Few Shot Learning — A Case Study (3)

Published in

Analytics Vidhya

4 min readJul 19, 2020

In the previous article, we dive deep into a few-shot classification via Relation Network. Moreover, we analyzed the Relation Network for Image classification tasks. In this article, I will be analyzing the Relation Network for text classification. Here, I will perform extensive experiments to evaluate the effectiveness of Relation Network with various embedding networks.

The flow of this article:

Revision on Relation Network
Different types of possible embedding networks
Results & Analysis
Conclusion

Revision

Before moving forward let’s quickly revise the Relation Network (for more details please read the previous blog):

Relation Network contains two sub-networks.
The first one is the embedding network, which will extract the underlying representation of each input irrespective of the class it belongs to.
The embedding network will be used to extract the features from support and query sets of data.
And the second network will compare each the embeddings from support set with a query set and will give the result based on this comparison.

Text embedding networks

Whenever someone hears about word embeddings, word2vec, GLoVe, and Language models (i.e., BERT, RoBERTa, etc.) are the key technics that comes into the mind. Therefore, in this section, I’ll be using the state-of-the-art method, namely BERT, as transfer learning and pre-trained base model for designing various embedding networks for a few shot text classification. Moreover, I will analyze these possible networks in terms of accuracy and computational complexity. [GitHub]

BERT is one of the best easily available and popular language models. In the base architecture of BERT, there are a total of 12 layers and each of these layer outputs can be used as word embedding. All different types of possible word embedding that can be extracted from BERT is shown in below figure:

Figure (1): Different types of possible word embedding. Source: http://jalammar.github.io/illustrated-bert/

Now, to experiment the Relation network with different settings, I will be using BERT to design several different embedding networks to find out the best suitable embedding extraction method for a few-shot text classification.

Only pre-trained BERT: Here, the sentence embedding will be extracted by taking the average and max pool of each word representation taken from the last layer of pre-trained BERT.
Fine-tuning BERT itself: In this method, instead of relying upon pre-trained BERT in method 1, we will fine-tune BERT according to the few-shot setting and dataset.

Although we have SOTA method (BERT) for extracting word embeddings, there are two major problems associated with it. First, the high computational complexity of BERT. Second, the ability to modify word representation from the core level. To avoid these problems, we can introduce one top layer using which we will modify word embeddings according to the requirement. Therefore, we will be performing an additional two experiments:

Pre-trained BERT + BiLSTM: Here, we will apply Bidirectional LSTM on top of pre-trained BERT to modify the word embedding in such a way that single output from LSTM can capture the relevant information from BERT for text classification.
Pre-trained BERT + BiGRU: This experiment is the same as the above one. However, we just replace BiLSTM with BiGRU. Here, in an ideal case scenario, GRU should outperform LSTM by a little margin with less trainable parameters.

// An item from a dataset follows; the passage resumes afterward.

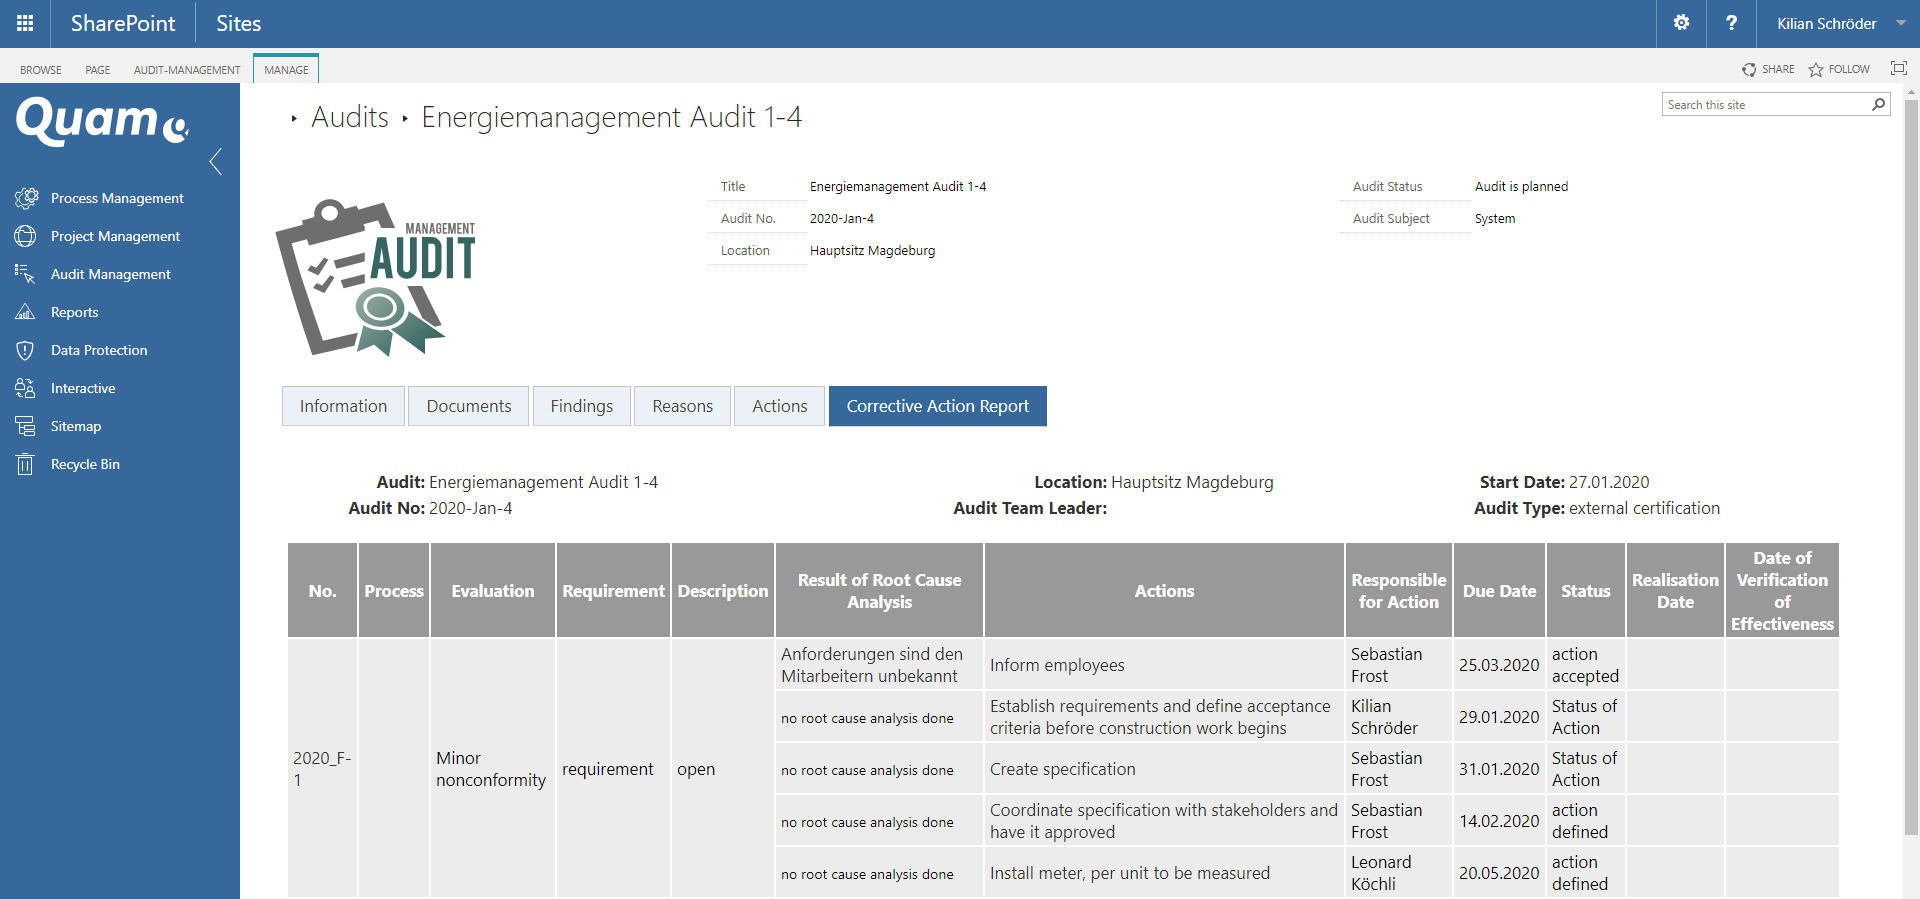 Auditberichte & Audit-Nachbereitung

Figure (2): Architecture design for pre-trained BERT + LSTM/GRU based experiments.

Results & Analysis

To perform the above-mentioned experiments, Kaggle news category dataset has been used. In experimental settings, 50% of news categories are used for training and 20%, and 30% of categories are used for validation and testing purposes. Moreover, this analysis is performed with 5 way 2 shot classification settings.

Table (1): Accuracy and computational complexity of RelationNetwork on different experiments.

From the above table, we can observe that fine-tuned BERT outperforms pre-trained BERT by a large margin. Moreover, adding BiLSTM and BiGRU on top of BERT improves the result quite a lot. Furthermore, we can see that BERT has the highest computational complexity, and the reason behind its poor performance is the pre-training strategy used. Because of that BERT needs to modify its huge number of parameters. However, LSTM/GRU extracts the required information from the word embedding for a few-shot text classification.

Conclusion

Following are the few conclusion points to keep in mind:

Embedding network is the key component even for few-shot text classification.
Fine-tuning BERT improves the results with the cost of computational complexity.
Moreover, LSTM/GRU based layers on top of pre-trained BERT significantly outperforms the only BERT based embedding network with very less computational complexity.

Implementations regarding all of the above experiments alongside the different result plots are provided in the GitHub repository.

Next, I will be implementing the same Relation Network for speech classification tasks. So stay tuned! Subscribe here to get notification of upcoming new articles to stay put with current research trends.

References:

Sung, Flood, Yongxin Yang, Li Zhang, Tao Xiang, Philip HS Torr, and Timothy M. Hospedales. “Learning to compare: Relation network for few-shot learning.” In Proceedings of the IEEE Conference on Computer Vision and Pattern Recognition, pp. 1199–1208. 2018.
Devlin, Jacob, et al. “Bert: Pre-training of deep bidirectional transformers for language understanding.” arXiv preprint arXiv:1810.04805 (2018).